O mundo tremeu pelas possíveis consequências desta agressão. Mas os dirigentes árabes, diferentemente dos sionistas, não estão procurando guerra, estão empenhados na construção do pacífico mundo multipolar. Deram-se por satisfeitos demonstrando sua capacidade bélica a Tel Aviv.

Os EUA, em ano eleitoral, onde a ausência deve superar em muito a presença de eleitores, obrigou Israel a dar por finda esta disputa com o Irã.

Mas a imprensa, quase toda nas mãos das finanças apátridas, do mesmo modo que colocou a agressão a Rússia como uma invasão à Ucrânia, país do golpe de Maidan 2013/2014, que substituiu um presidente eleito por um artista circense e ditatorial, agora quer insinuar ataque do Irã contra Israel, exatamente o oposto do ocorrido.

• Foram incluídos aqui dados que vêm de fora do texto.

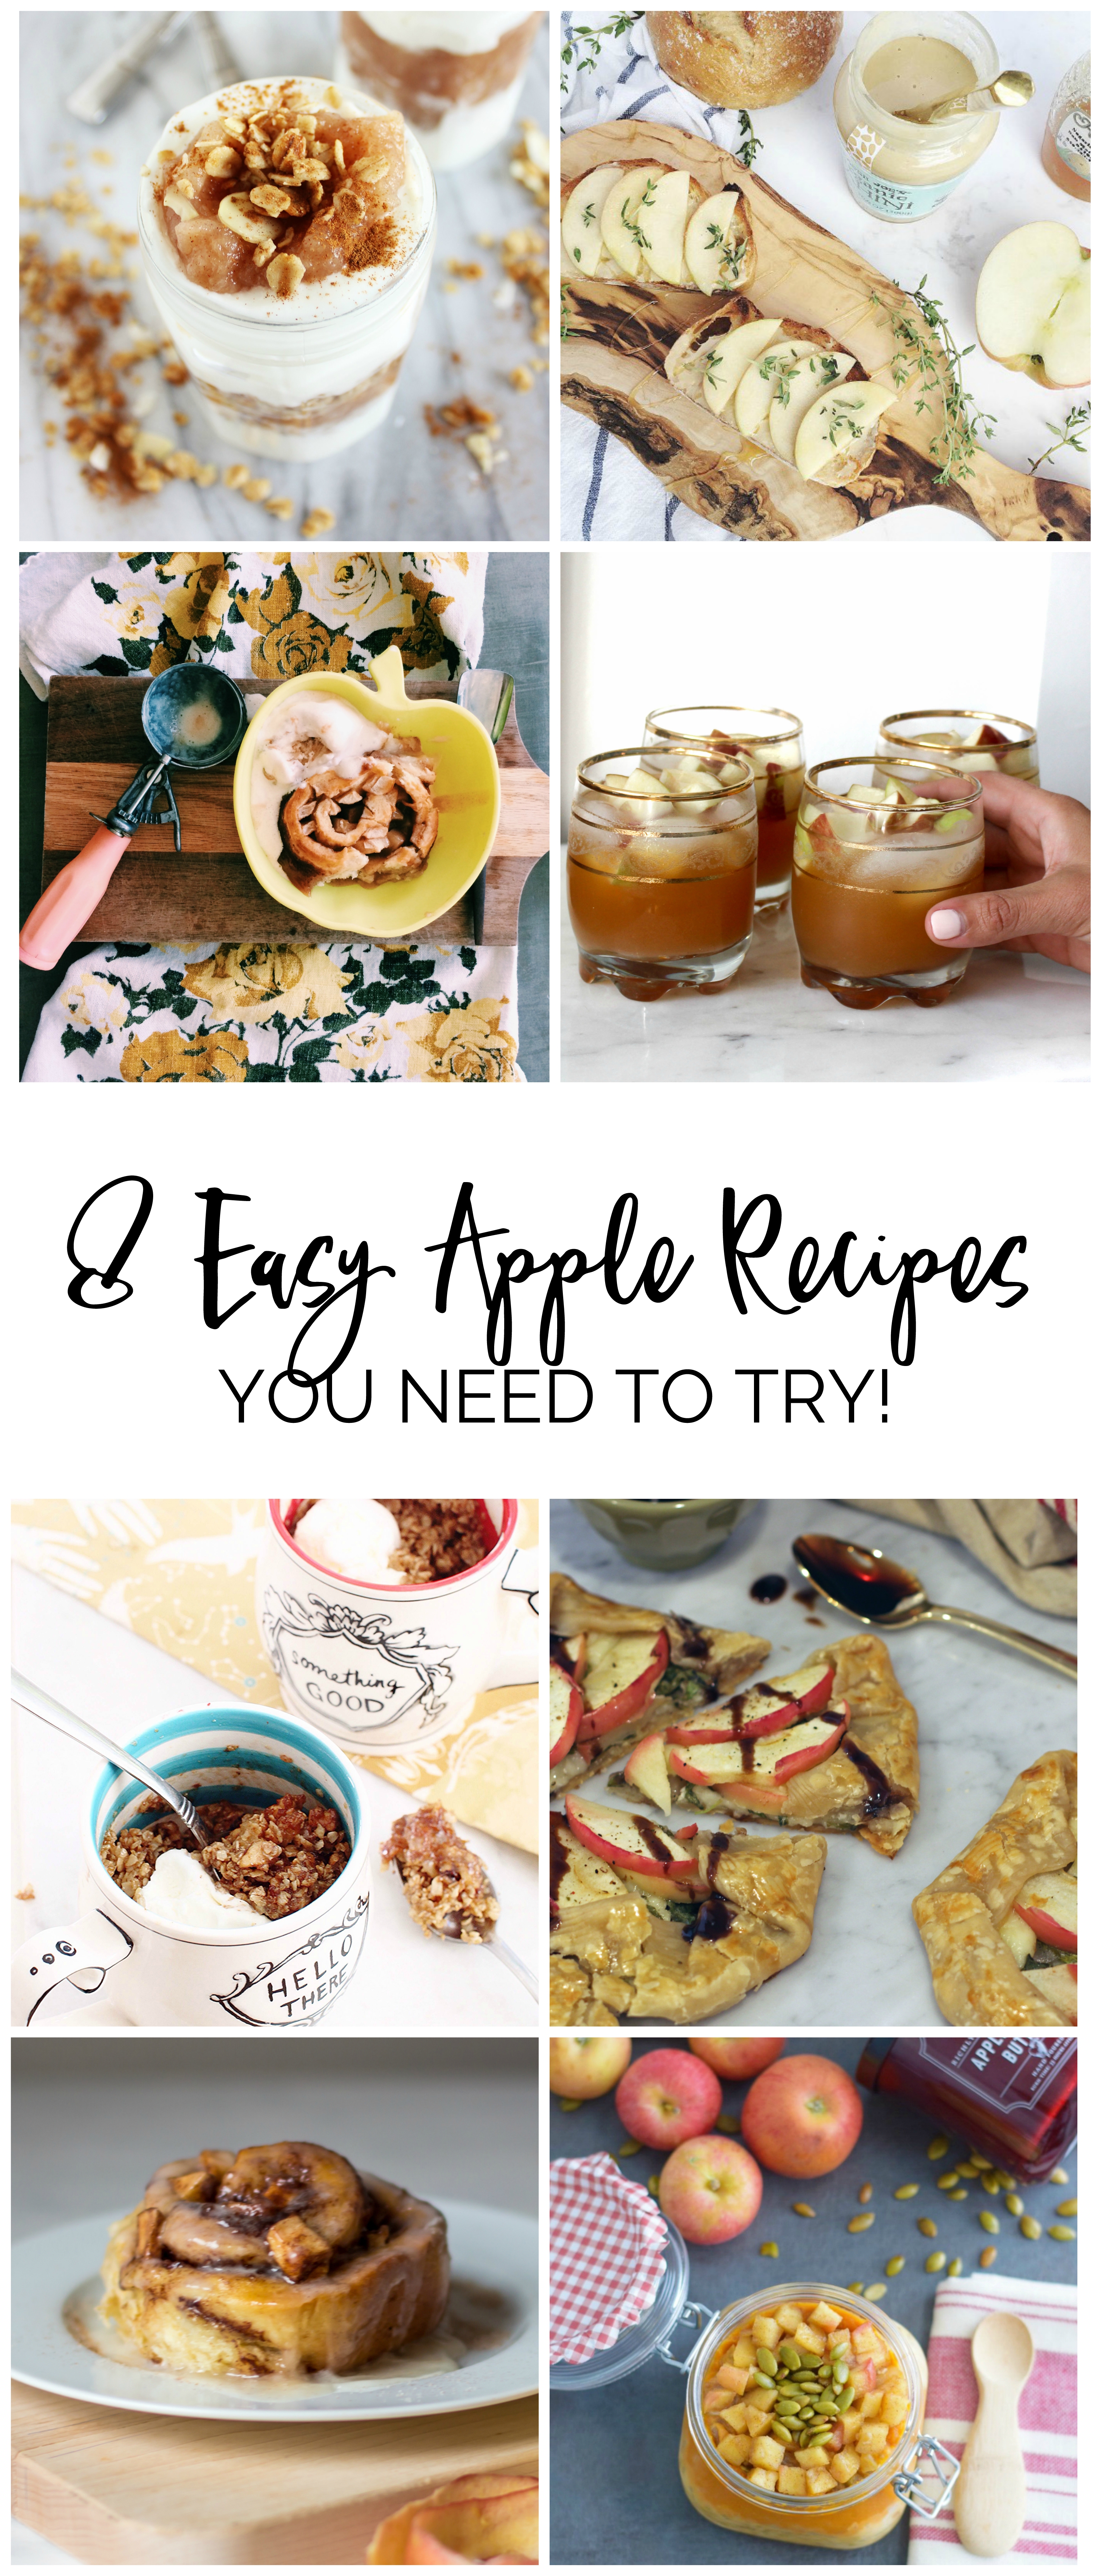 you ned to try these 8 easy recipes! From cinnamon bun hack, to apple sangria, all that you need is on this list!  #applebaking #apple

Enquanto isso, a crise se amplia e deve provocar alterações políticas e econômicas significativas, mesmo sob ameaça de irresponsáveis dirigentes que preferem a guerra de destruição da civilização à derrota política.

O Brasil precisa ter clareza do que está ocorrendo e não se deixar levar por lutas ideológicas que já ficaram no passado.

*Pedro Augusto Pinho, administrador aposentado.